The financial scale is staggering. Eli Lilly’s first nine months of 2025 saw Mounjaro and Zepbound generate $39.5 billion in combined revenue, surpassing Keytruda, Merck’s blockbuster cancer immunotherapy, as the world’s best-selling medicine. The global GLP-1 market was valued at roughly $94 billion in 2025 and is projected by some analysts to reach $216 billion by 2035. Approximately 10 million Americans were on GLP-1 treatment by 2025, with projections pointing to 25 million by 2030.
The drugs work, in their broadest outline, by mimicking glucagon-like peptide 1, a hormone the gut produces after eating that tells the brain to reduce appetite and slow gastric emptying. They bind to GLP-1 receptors on neurons in several brain regions involved in appetite regulation, triggering a signal that the body interprets as satiety.
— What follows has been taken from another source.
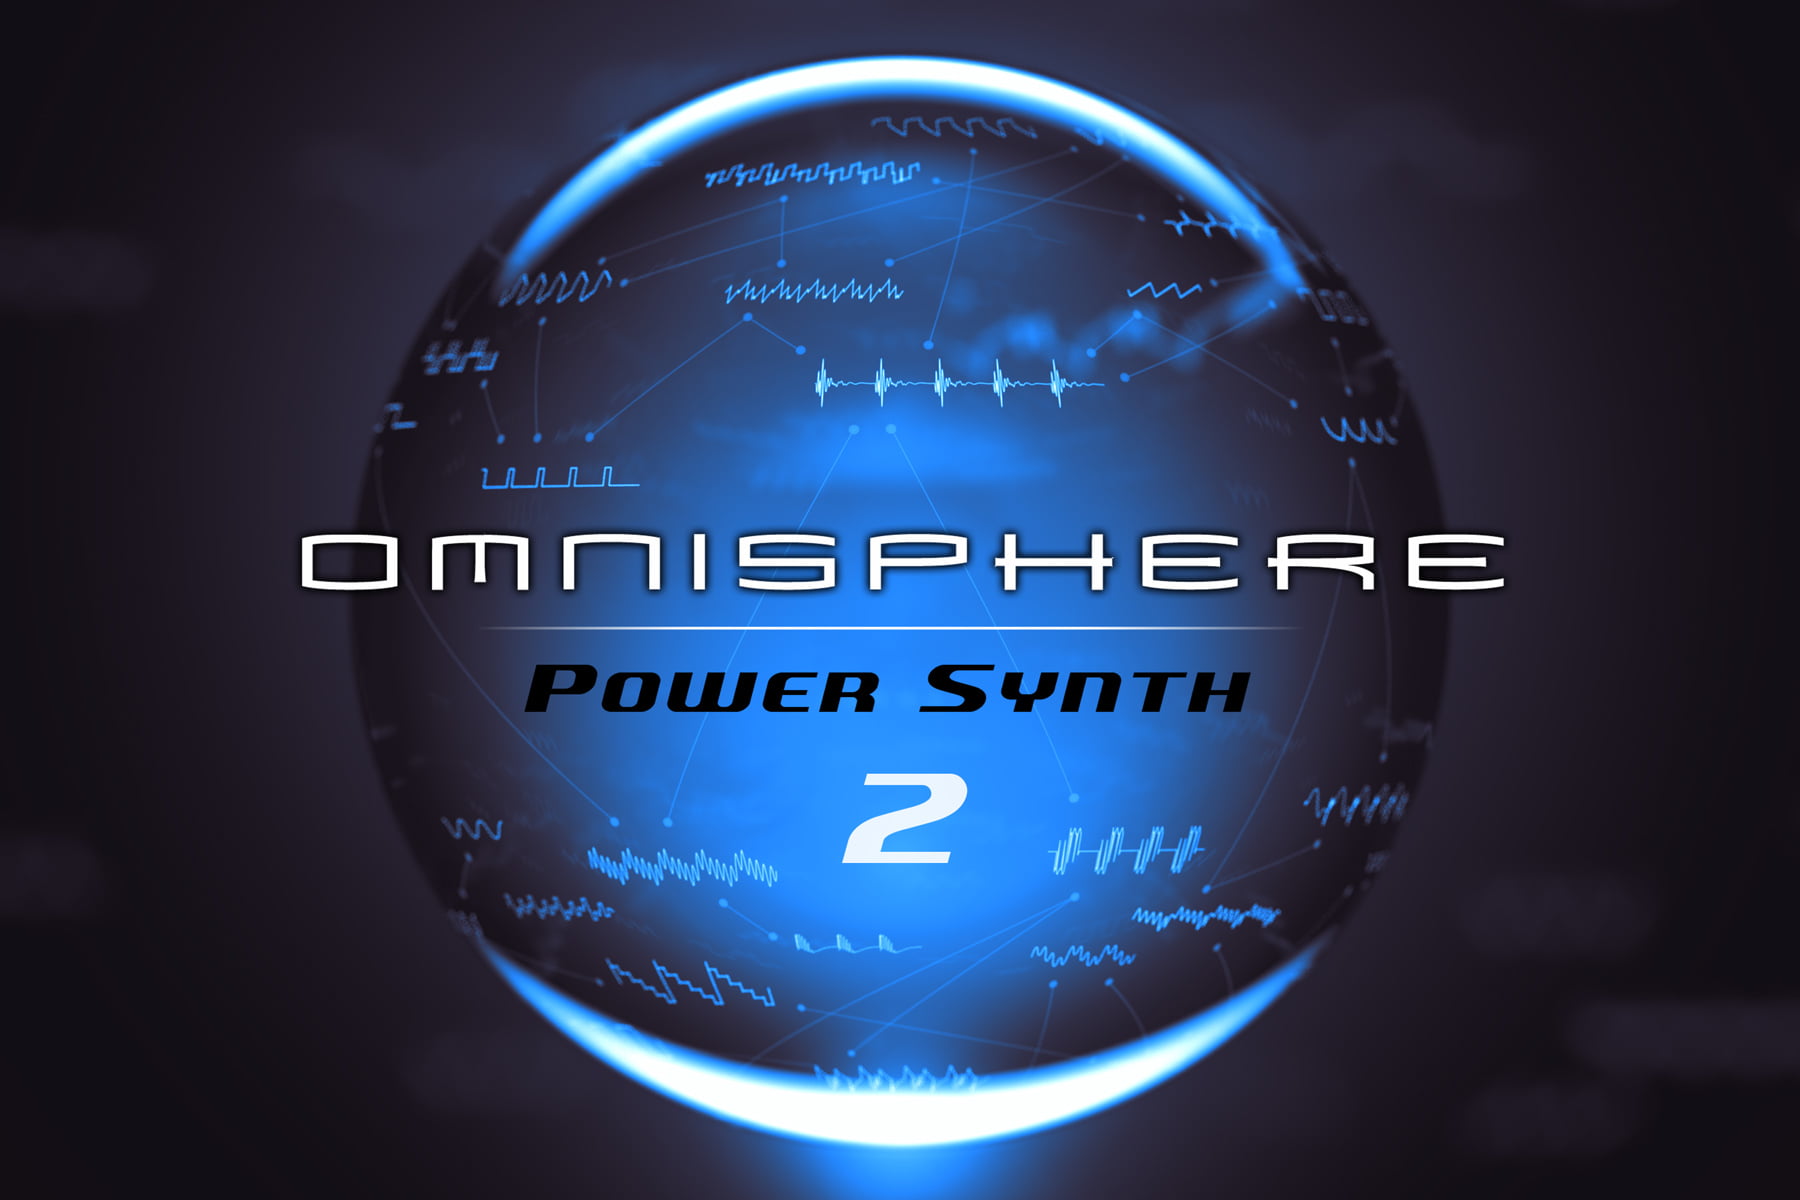 spectrasonics omnisphere only updates download size: 662 mb

This suppresses the urge to eat, reduces caloric intake, and produces weight loss.
That mechanism was well understood. What was not understood, until this week’s publication, was what happens inside those neurons at the molecular level, and why the response is so inconsistent between cells, between patients, and over time.
What the New Research Found
The NIH team focused on the area postrema, a small region at the base of the brainstem that plays a central role in appetite regulation and nausea responses. Using fluorescence imaging that allowed them to observe individual cells in living brain tissue, Gao and her colleagues tracked what happened when semaglutide bound to GLP-1 receptors on neurons in this area.
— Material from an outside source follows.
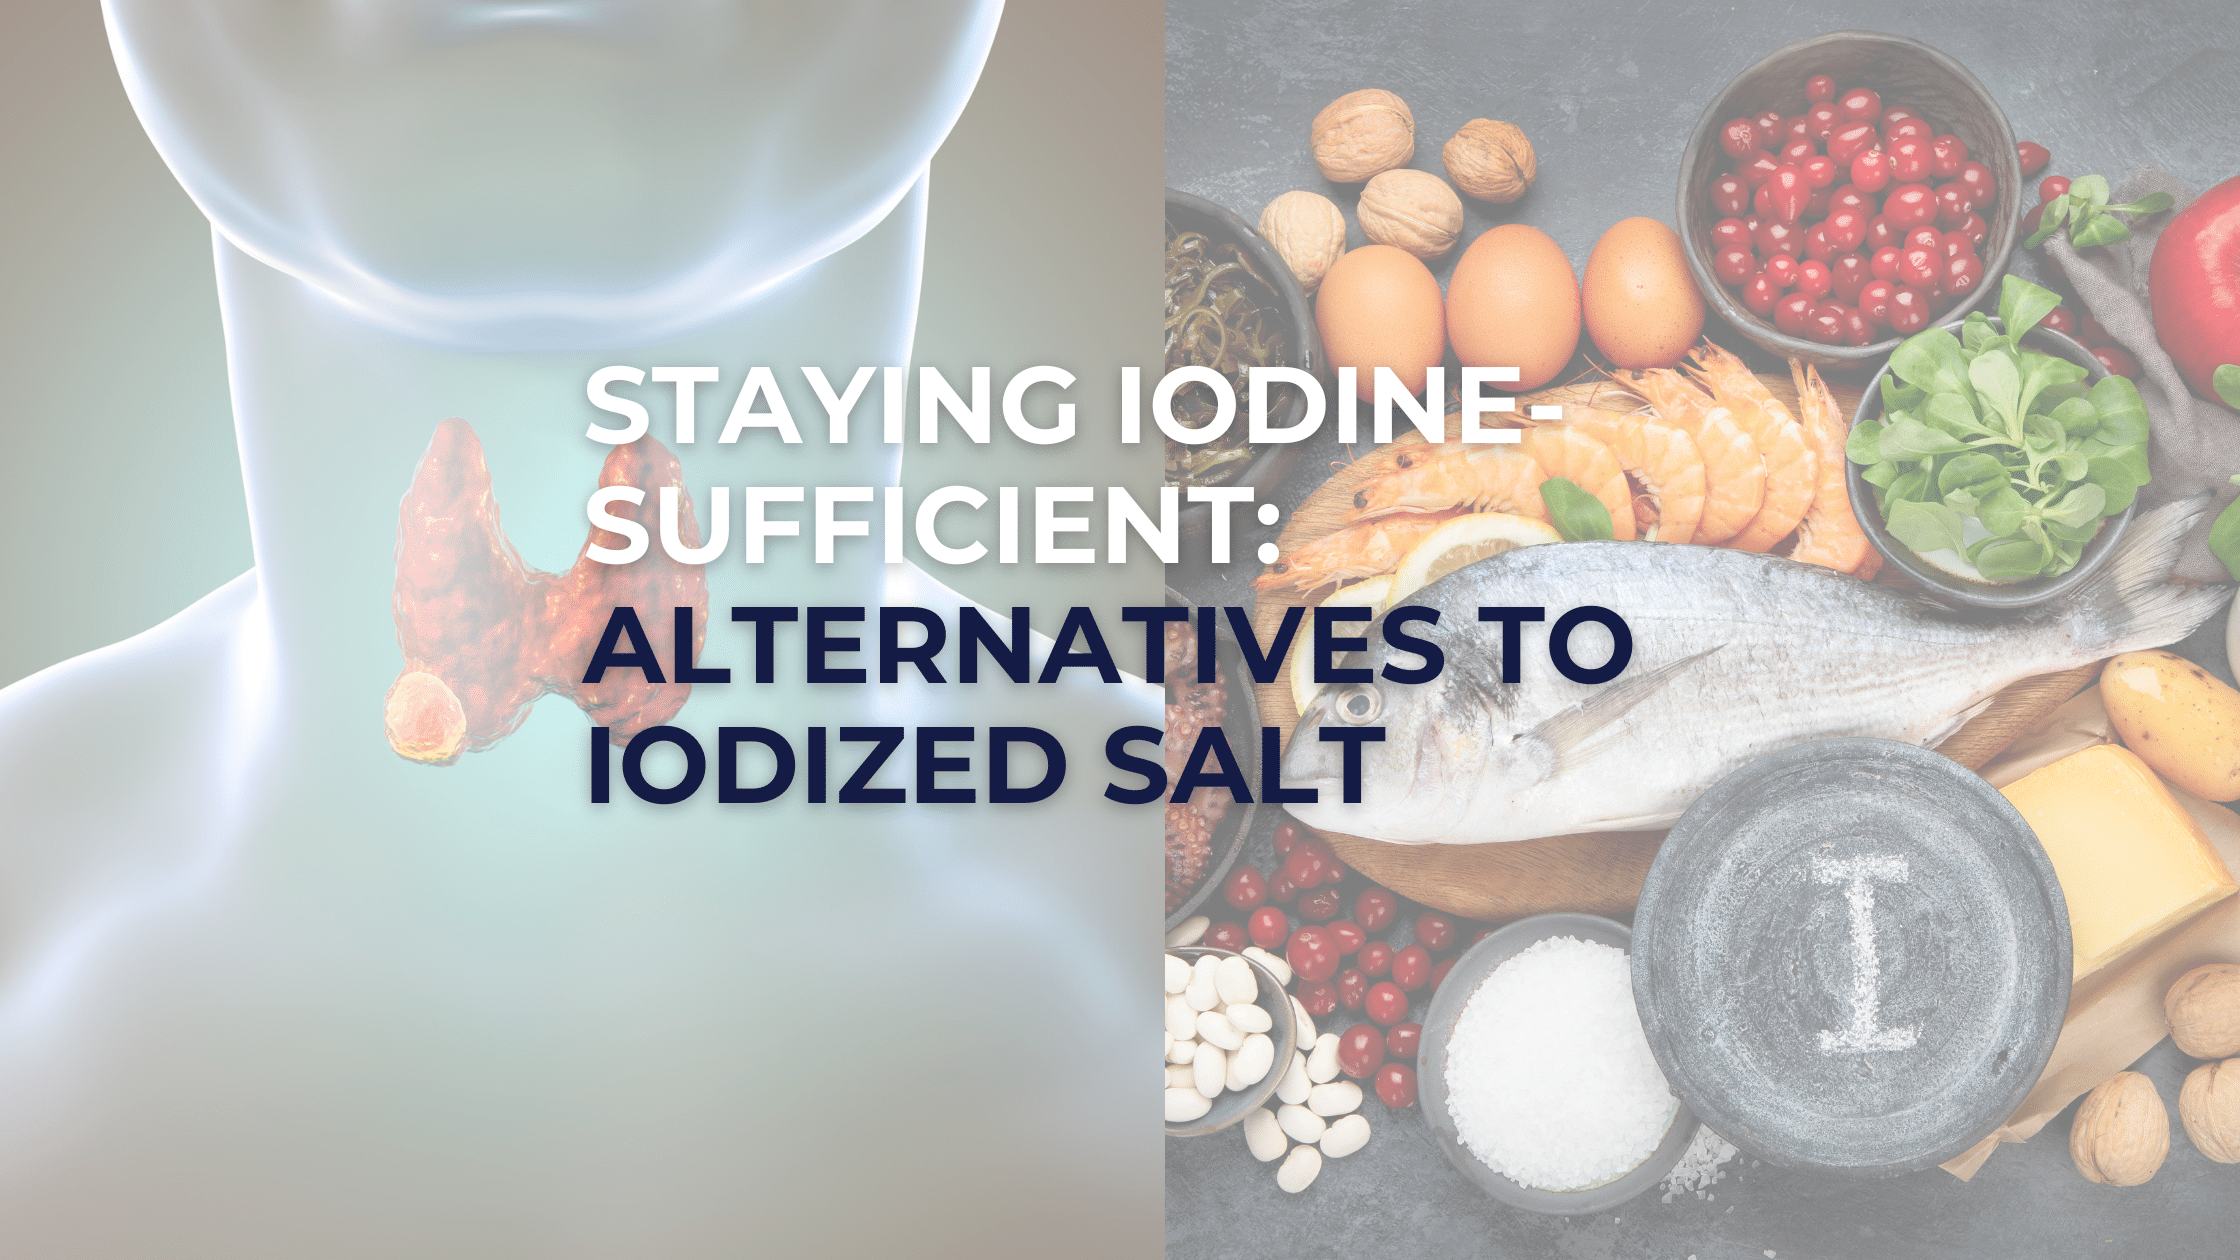 Staying Iodine-Sufficient: Alternatives to Iodized Salt

The key molecule in their findings is cyclic adenosine monophosphate, known as cAMP. When a GLP-1 receptor is activated by semaglutide, one of the downstream effects is an increase in intracellular cAMP levels. This is the molecular signal that, in turn, produces the appetite-suppressing effect. The NIH team found that cAMP increases reliably when semaglutide is present. What they also found is that the magnitude and duration of that increase varies substantially from one neuron to the next.
“It was not an all or nothing phenomenon,” said Michael Krashes, Ph.D., a senior investigator at the National Institute of Diabetes and Digestive and Kidney Diseases and co-corresponding author on the paper. “We observed that cAMP responses across cells varied on a continuum.”
Some neurons maintained elevated cAMP levels for extended periods during semaglutide exposure. Others showed only brief, temporary increases before cAMP levels fell back toward baseline. The team traced part of this variability to an enzyme called PDE4, which breaks down cAMP. Cells that expressed higher levels of PDE4 activity showed shorter-lived responses, effectively dampening the signal that produces the appetite suppression. When the researchers used a drug called roflumilast, which inhibits PDE4, to block that enzyme, more neurons shifted toward the longer-lasting response pattern.
The plateau phenomenon that affects most patients, studies suggest roughly 23% hit a plateau within three to six months even without changing their behaviour, now has a plausible molecular explanation. As the body adapts to sustained semaglutide exposure, some neurons reduce their responsiveness by internalising or degrading GLP-1 receptors, and the PDE4-driven breakdown of cAMP shortens the signal that survives activation. The drug is still binding to its target. The downstream effect is simply being attenuated.
Why Responses Vary So Much Between Patients
The cellular variability the NIH team documented also offers a framework for understanding something that has puzzled clinicians since the first large semaglutide trials: the enormous spread in outcomes. In clinical trials for Wegovy, the average weight loss is approximately 15% of body weight over 68 weeks. But the distribution around that average is wide. Some patients lose 25% or more. Others lose less than 5%. A meaningful proportion stop losing weight entirely well before their physician expects them to.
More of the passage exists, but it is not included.